Wrong way to spend tobacco settlement

House bill: General Assembly should reject playing politics with $4.2 billion from cigarette makers.

March 23, 2000

PORK-BARREL politics is driving powerful House legislators to turn the governor's anti-cancer and smoking-cessation crusade into a grab-bag for local special interests eager for a piece of the state's $4.2 billion tobacco settlement.

That would be a big mistake. It would weaken a well-conceived plan to dedicate most tobacco money to fighting cancer and reducing teen smoking.

Instead of a focused drive to curb Maryland's high cancer rate, the legislature would be playing politics with the tobacco money. The House bill, for instance, tosses money to unnamed hospitals in the Washington suburbs and one in Baltimore that appears to be Sinai Hospital.

It would spend money on fighting heart and lung diseases that have nothing to do with tobacco-smoking.

It would subsidize prescription drug payments for senior citizens in rural counties.

And it would give the legislature another chance to add to its pork menu when the bill expires in three years.

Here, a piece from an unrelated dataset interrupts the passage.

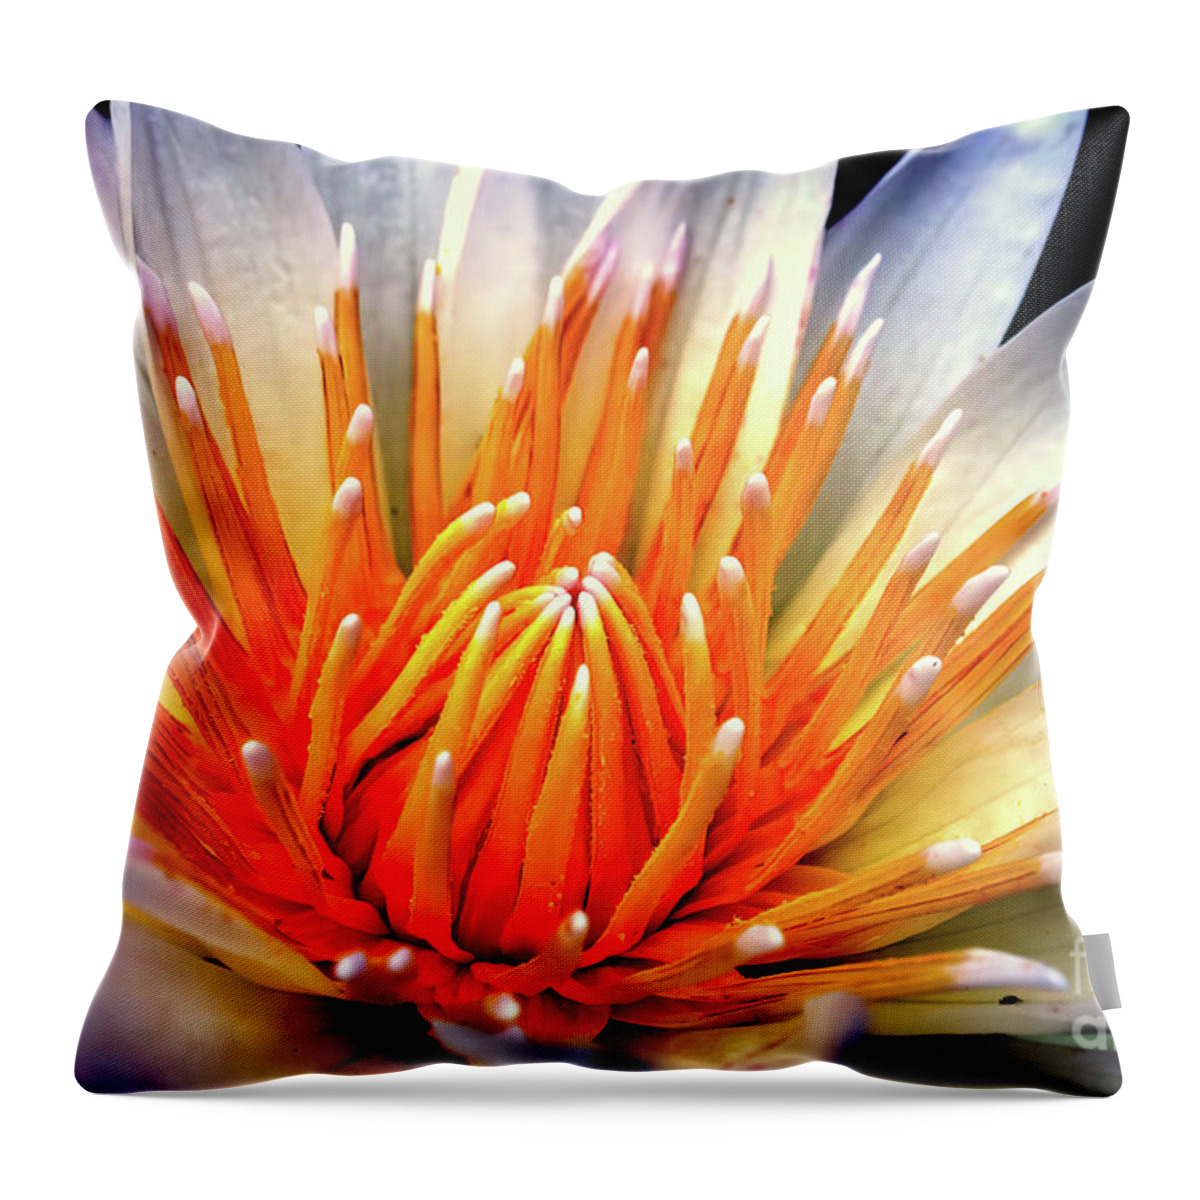 Water Throw Pillow featuring the photograph Water Lily Flower by Jolanta Anna Karolska
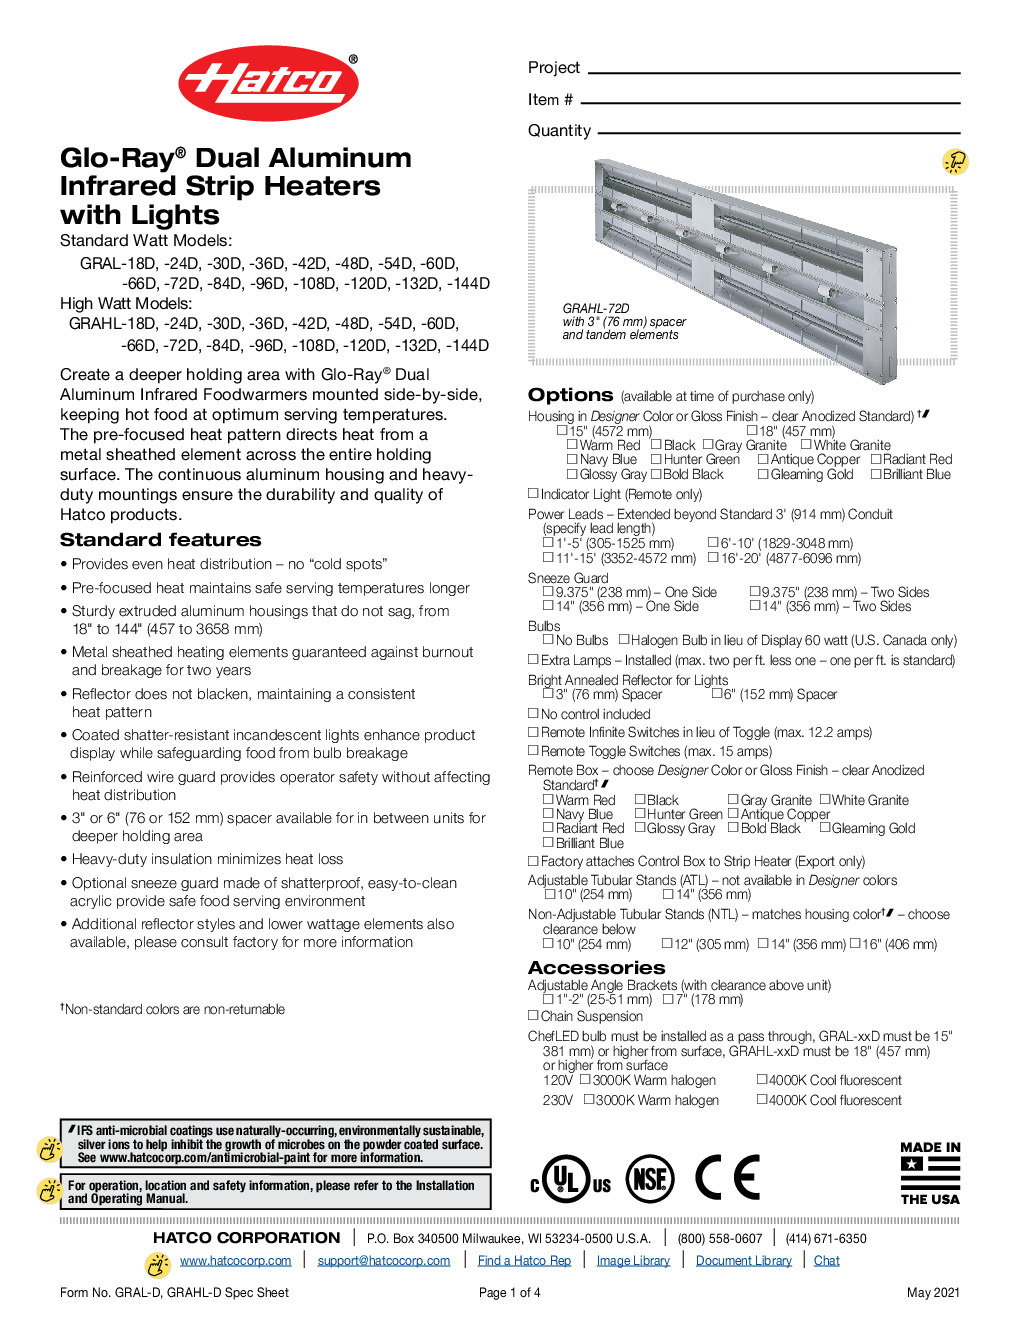 Hatco GRAHL-24D3-120QS Strip Type Heat Lamp

This is a bad piece of legislation. Even top House leaders cringe at what Del. Howard P. Rawlings of Baltimore has done with this bill.

Far more preferable is a Senate bill hammered out by Sen. Christopher Van Hollen of Montgomery County that sticks to the governor's initial plan to target the tobacco money.

The Senate bill, for instance, channels $30 million a year through local health officers for anti-cancer efforts that are approved by an oversight board. There is little, if any, pork, in the Senate version.

The billions that will flow to Maryland from the tobacco companies should be spent to undo the damage done by cigarette smoking. We should use this money to ease smoking's addictive hold on Marylanders.

But that won't happen if the barons of pork prevail. Let's target this "blood money" from Big Tobacco to stamp out some of the insidious diseases linked to smoking and cut the number of teens who get hooked on this unhealthy -- and dangerous -- habit.